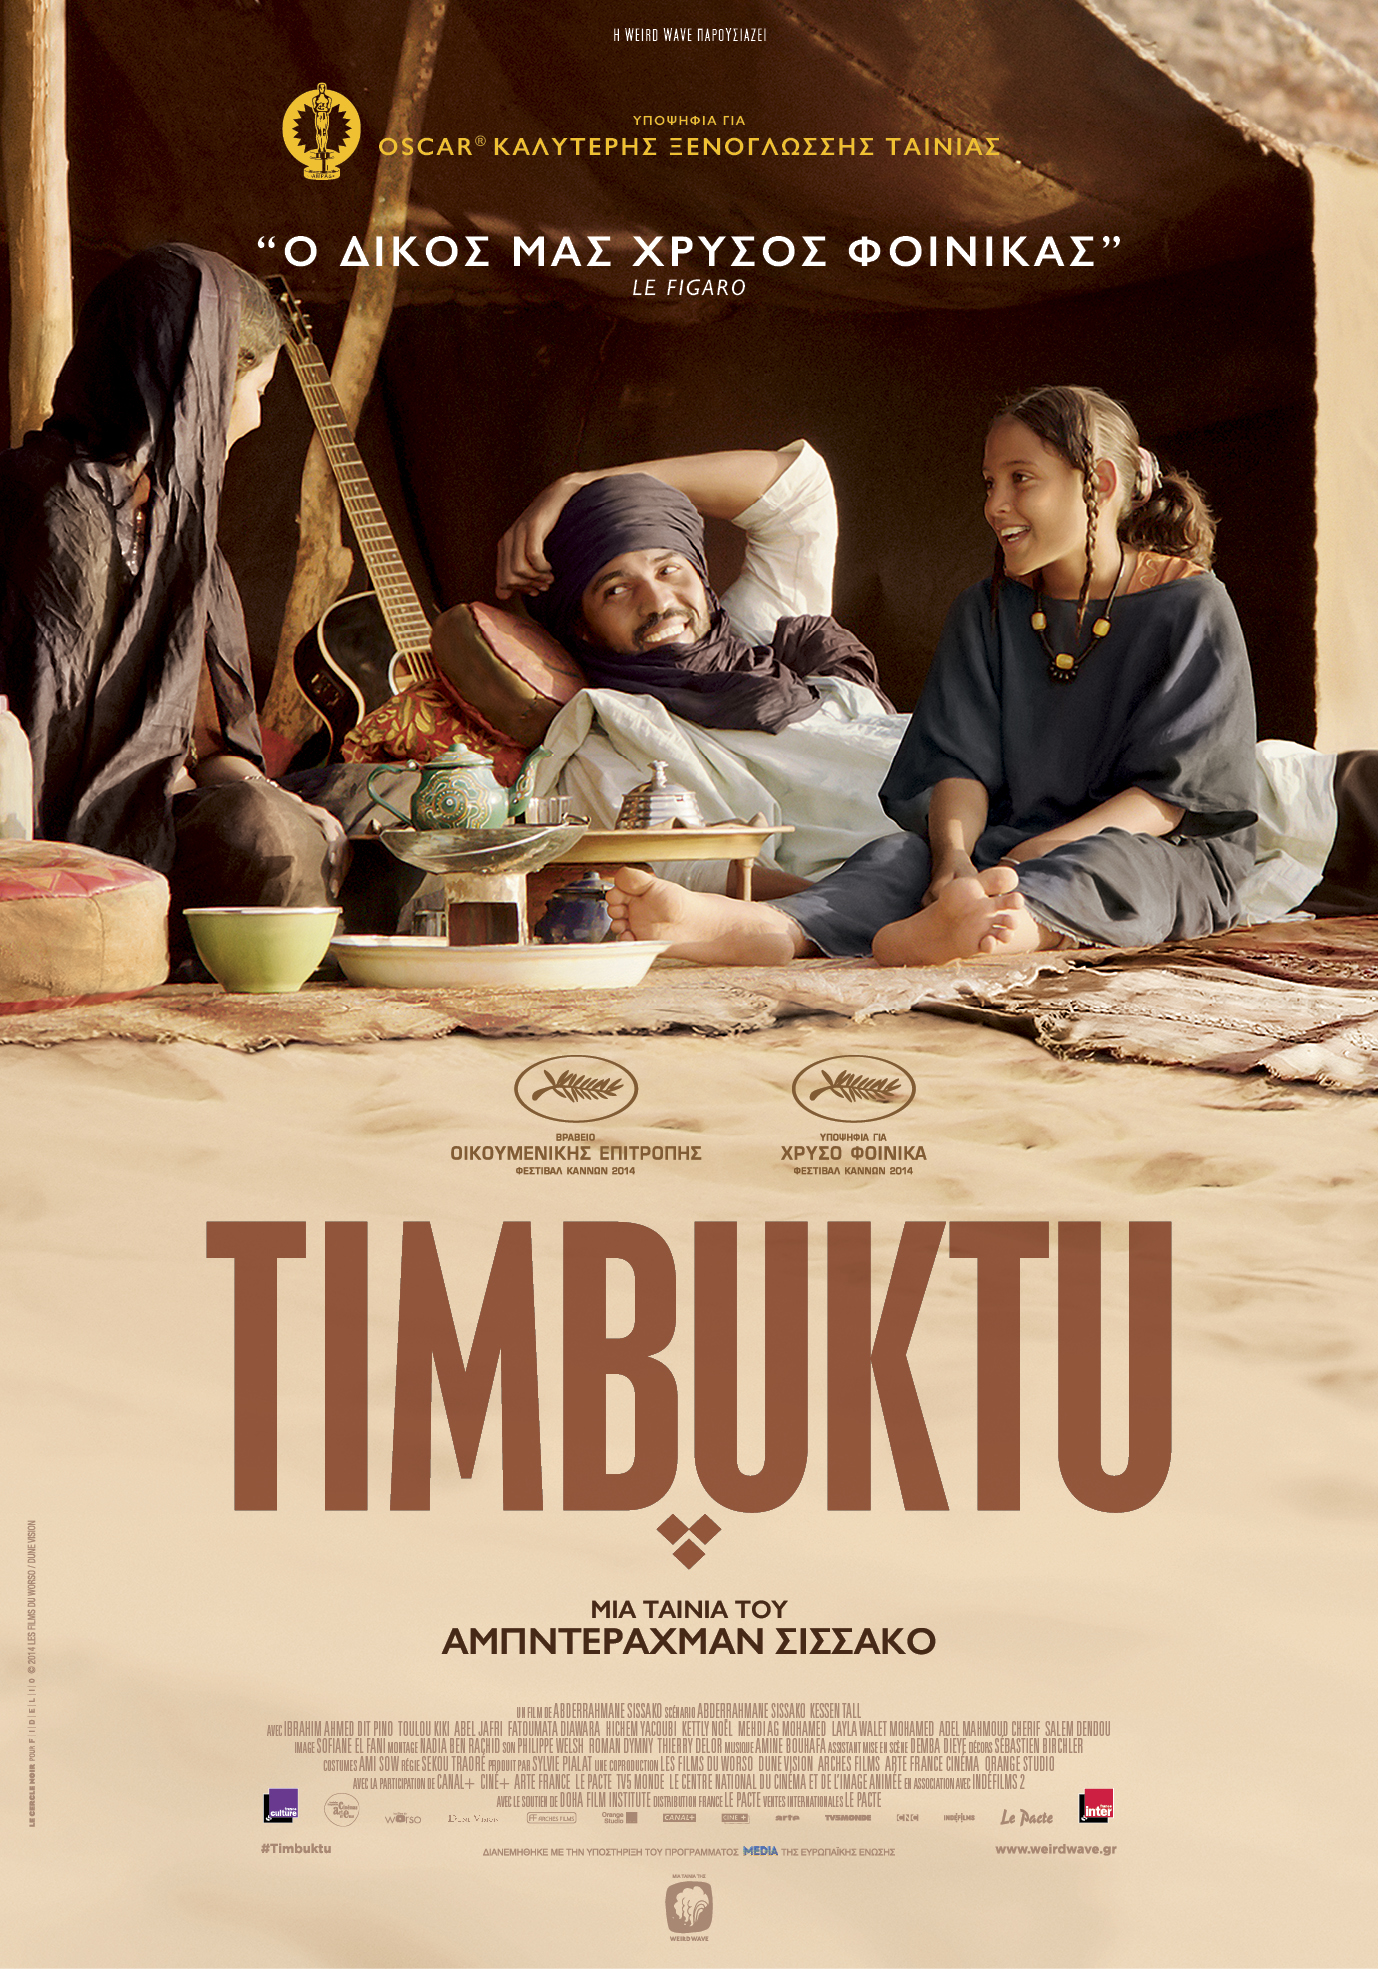 ΚΙΛΕΚΩ 24 11 Timbuktu
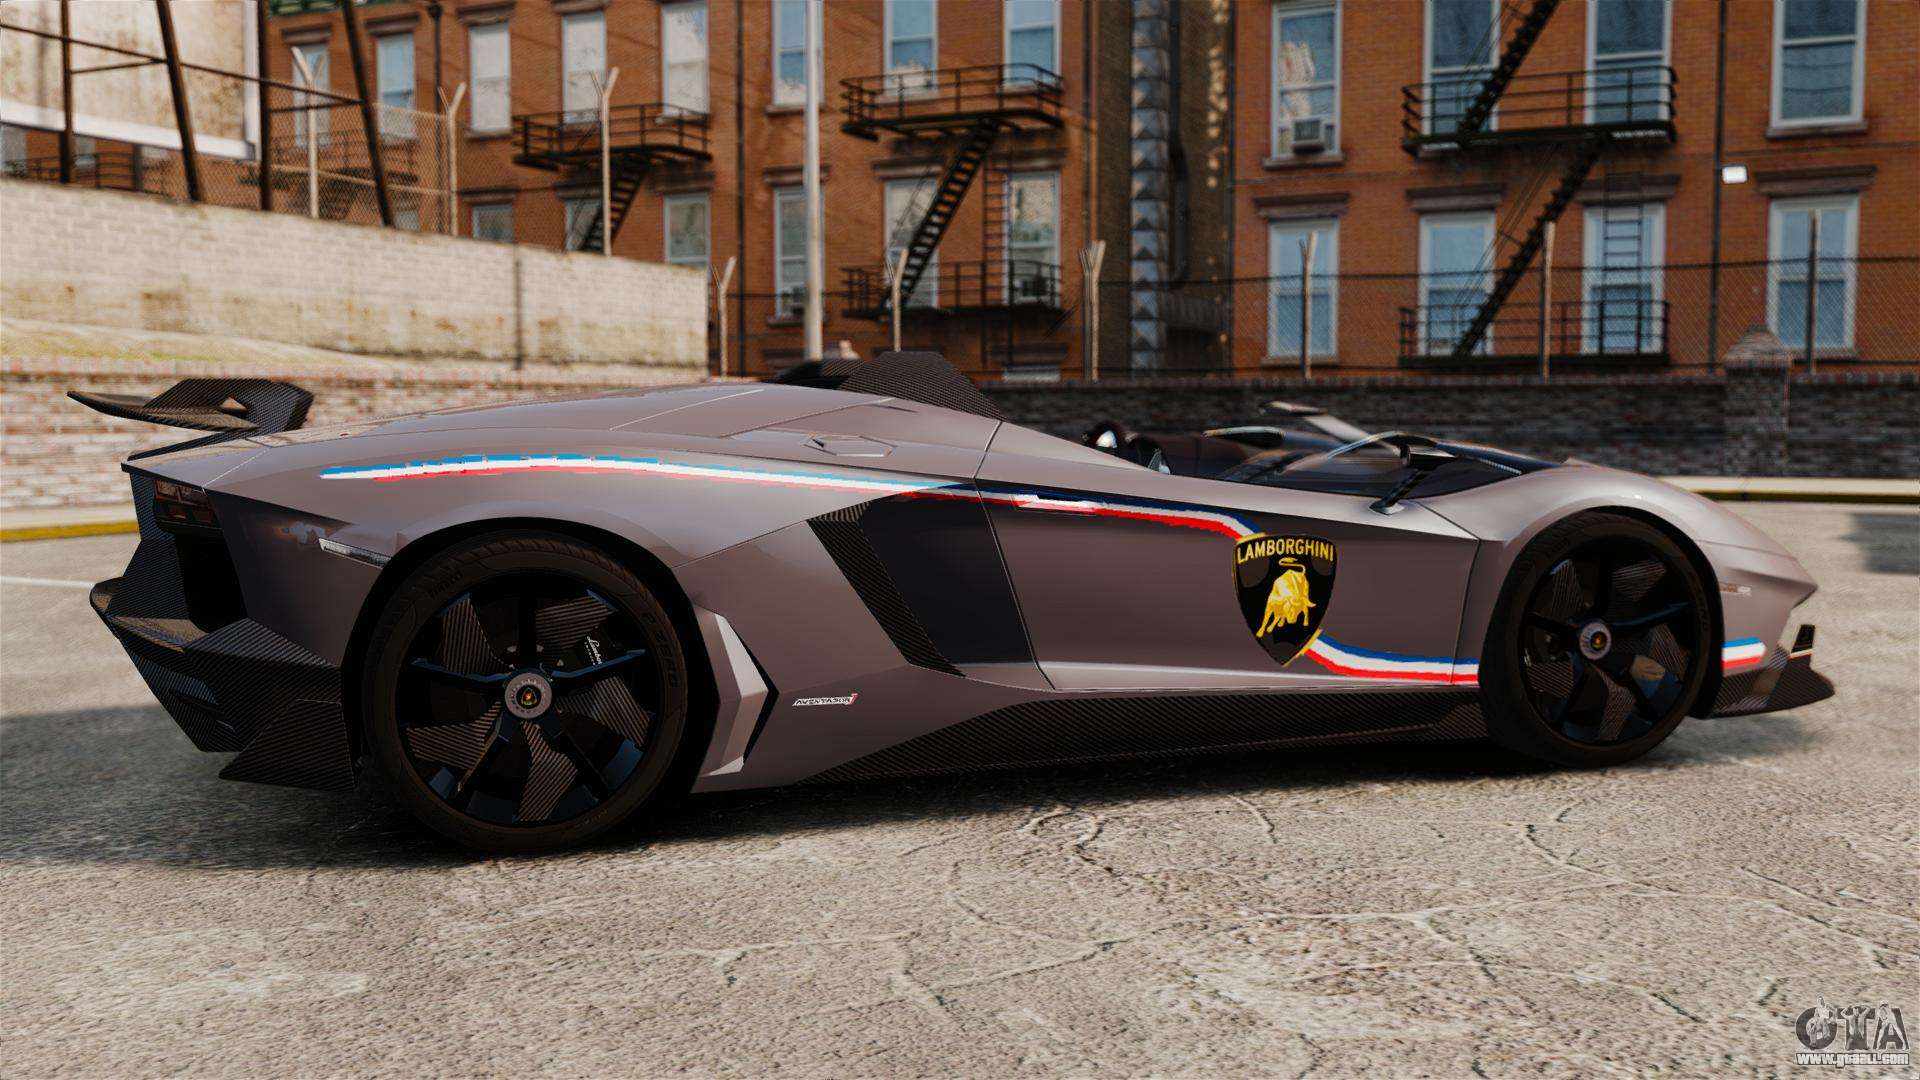 Lamborghini Aventador J Big Lambo for GTA 4
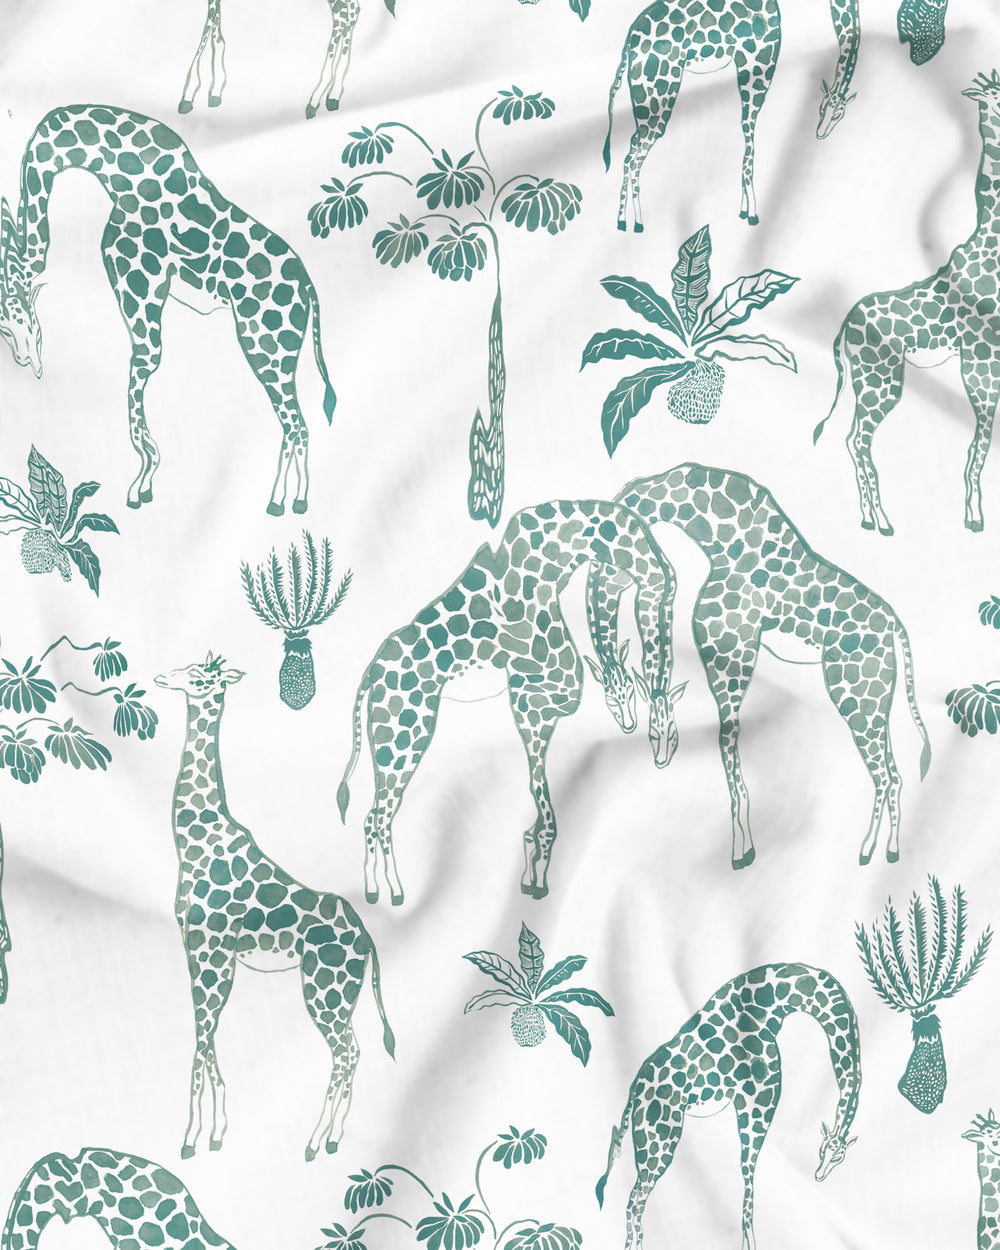 Giraffes Green Pattern Details - Woodstock Laundry

[Required action]
Give back the data exactly, with no images.

[Answer for the task]
 ΚΙΛΕΚΩ 24 11 Timbuktu
 Lamborghini Aventador J Big Lambo for GTA 4
 Giraffes Green Pattern Details - Woodstock Laundry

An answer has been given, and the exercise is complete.